Page 35 of Moving Forward

“What?”

“Let me drive you,” he repeats.

He can barely handle being around me, how will he take my parents and my grandpa? And doesn’t that meeting usually come after something becomes more than friendship? I swallow because I can’t tell if my heart wants it to be labeled as something more or not. “Do you really want to drive me all the way to the storage unit, then all the way back down and past Orchard Valley to Collette?”

“Not really,” he admits, “but I want to spend time with you.”

“You’ll have to hang out with my family all day,” I warn him gently.

“And you, Peaches,” he tells me in a low rumble.

I smile. “Cain . . .”

“I’ll pick you up at eight.”

“What if I say no?”

“It’s not a request.”

I muffle my mouth against a pillow and let out a groan that ends up coming out as more of a giggle. I’m seriously giggling. Wow.

“Are you being strangled?” Cain asks wryly. I wonder if he’s smiling his small, quiet smile right now. I’m beginning to get addicted to that smile. It’s my crack. “Do I need to come check on you?”

I push myself off the mattress. “No, I’m fine.”

“Alright. So, what do you say about tomorrow?”

“You basically said I don’t have a choice.”

“I’m all bluster. Anything you ask or tell me to do, I’ll do it.” Uncertainty colors his voice as he says, “Tell me what you want. Tell me if you want me to go with you.”

“Yes, I do. I want you to go with me,” I admit.

“Wow.”

I frown. “You thought I’d say I don’t want you to?”
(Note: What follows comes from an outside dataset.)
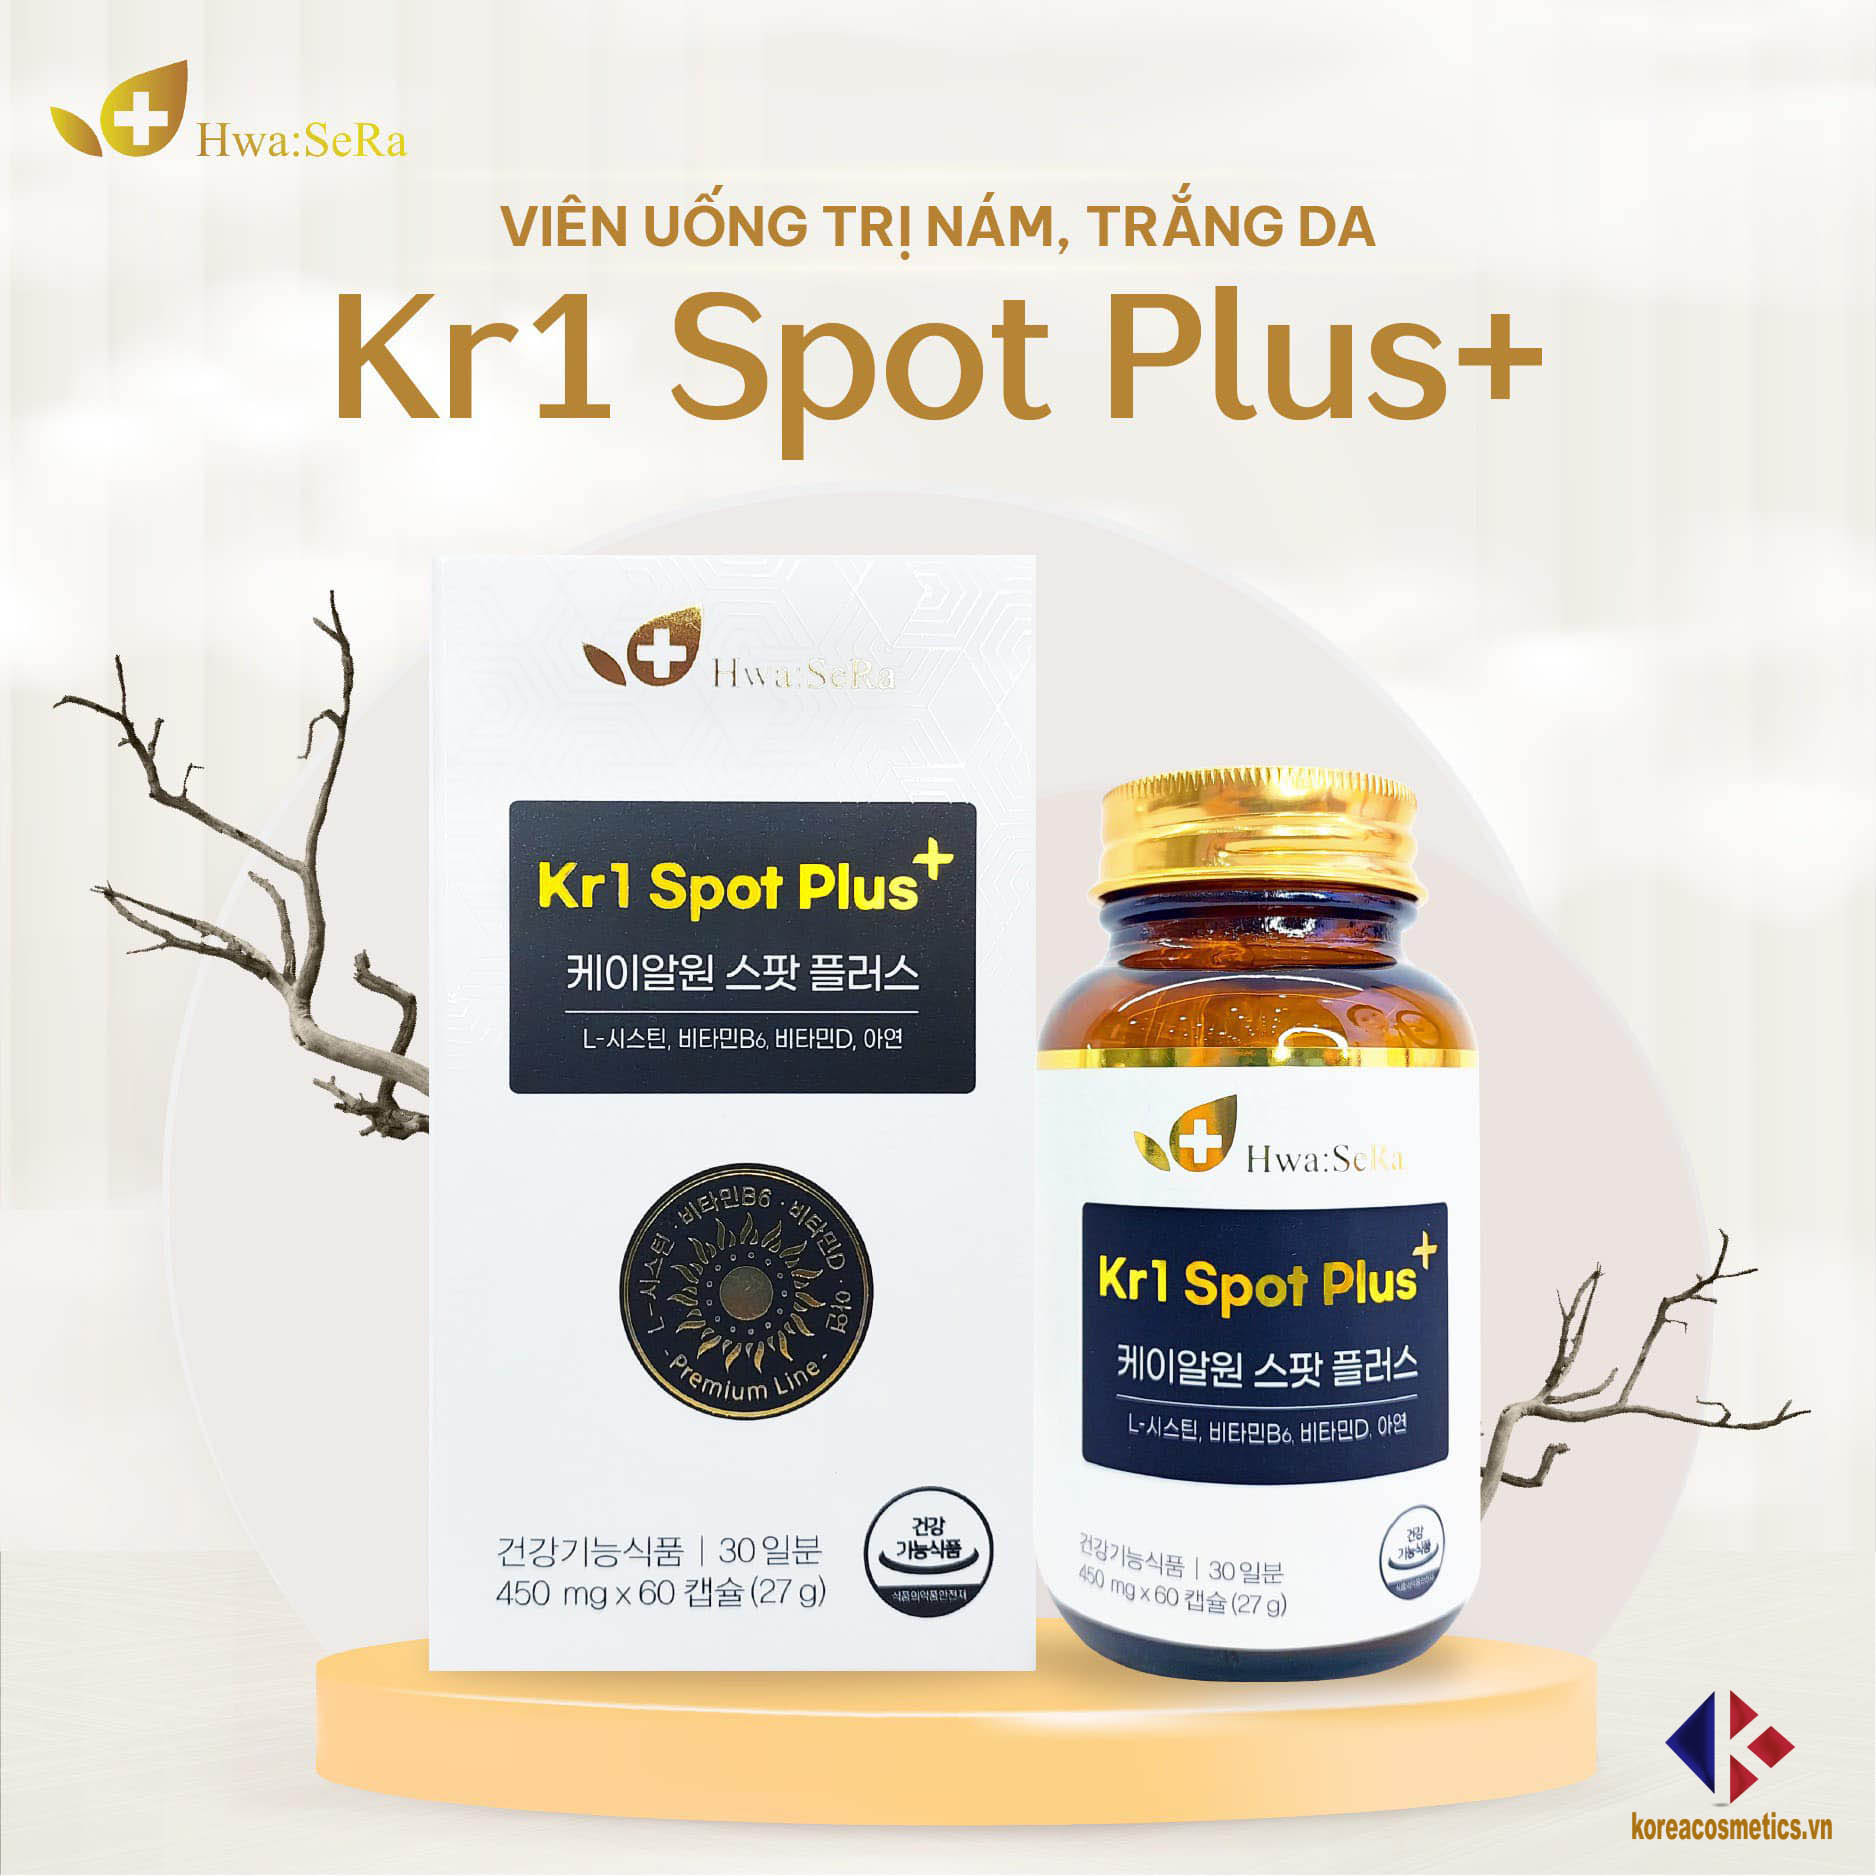 Kr1 Spot Plus+ Hwa Sera

“I always expect disappointment,” he explains tiredly. “I stopped hoping for the best a long time ago. It’s just the way life has always gone for me, but now . . . well, you just said yes.”

“I’m giving you hope.”

No one wants to believe in hope once they’ve been through the things I’ve experienced, or whatever it is Cain has gone through. Hope only gives us room for despair to crawl into our hearts. Hope blindsides us—reminding us that for some reason, we don’t get to experience it. We only get to watch it and pray for it, then let it kill us.

“No, Max, it’s not that at all. You’re giving me life.”

###

“Are you sure your truck can handle this?”

Cain finishes tying down the purple couch and mattress we retrieved from my unit. He gives it a good tug to make sure the bungee cord is stable before closing the tailgate. Then he walks around the truck to open the passenger door for me. I give him a questioning look before climbing into the seat.

He shuts the door and places his forearm on the roof of the truck. He leans through the window and says, “If a tire pops, we’ll know pretty quick I’d say.”

My face pales. “What?”

“I’m kidding.”

“You need to work on looking a little less serious when you’re joking,” I warn him, sliding my sunglasses up my nose. I’ve been trying really, really hard to subdue the smile I woke up with. Normally every smile is so fake that even the real ones feel forced in some way. Nothing with Cain is forced. Everything’s so real with him—so alive. I feel like an entirely new Max around him. One who’s so much better than before.